Now, I don’t know whether that was the express intention of the good boys and girls behind Comes With Music. Sure, they wanted to come up with something fresh and a way for more people to access more music, legally, that works as well for the record labels and artists as it does for Nokia and its customers.

Although there was plenty of skepticism doing the rounds after the service was initially announced, as we’ve moved towards, and now past the launch date, that skepticism has morphed into rabid enthusiasm. I’ll be honest, I was one of the early door skeptics and having actually played with and used the service, am now one of its biggest enthusiasts (even though my trial 5310 is now on its way back to the press office). I will most likely buy a Comes With Music device shortly.

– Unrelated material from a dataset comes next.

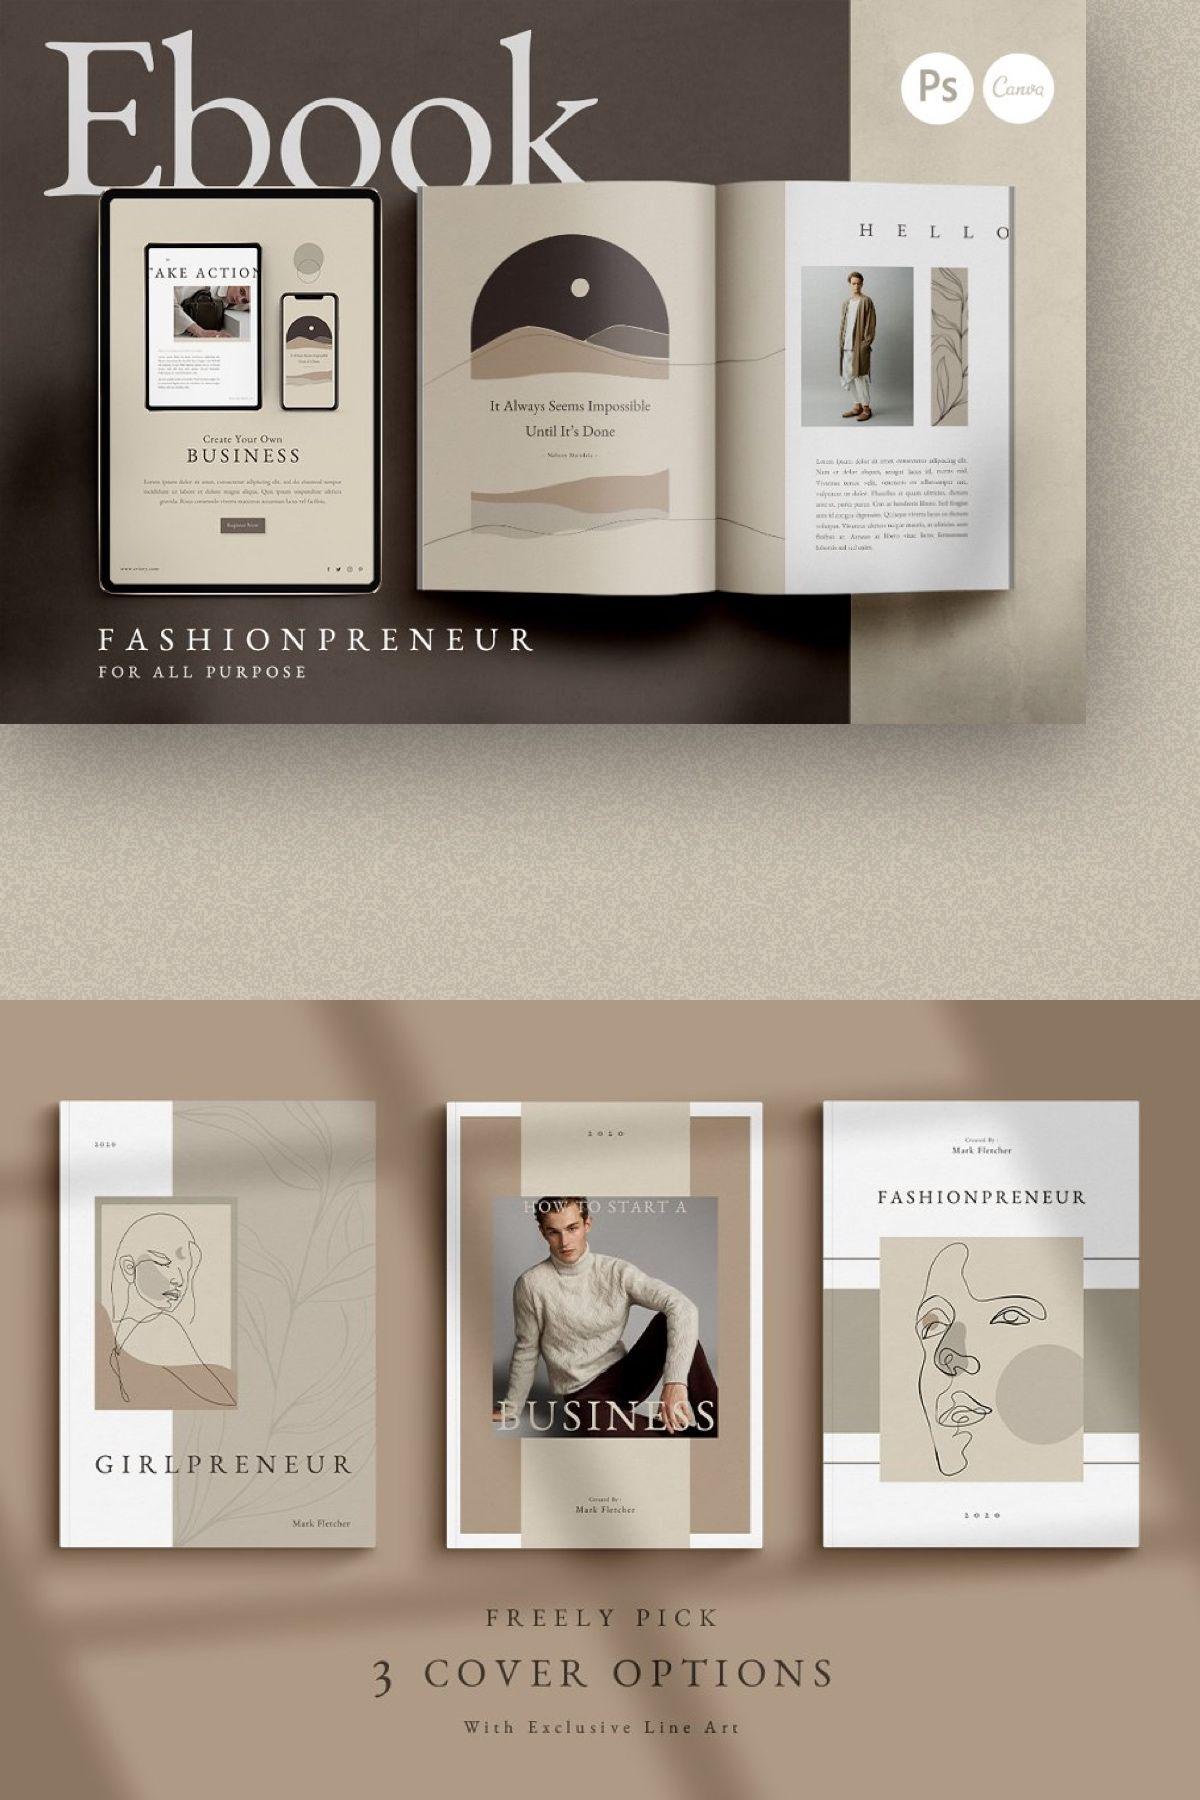 Ebook Fashionpreneur Coach Canva Ebook Design Ebook Template Magazine Layout Design

The Wired article goes on to draw comparisons between Comes With Music and Apple’s music offering. Of course you couldn’t compare an iPod to a 5310 XpressMusic – they’re too utterly different offerings. Even the iPhone and the 5800 XpressMusic aren’t meant to be head to head devices.

What Wired does highlight though, and what they (and as it happens I too) believe is that the combination of service and product is what gives Comes With Music its real backbone. Sure, that you don’t have to pay for every track you download is a big benefit, but it isn’t what gives the service its real strength. That job belongs to a solution that’s been well integrated and well thought out.

CWM might get grief for various things, such as its DRM protection, being a closed system and even for not (yet) being Mac compatible. Sound familiar?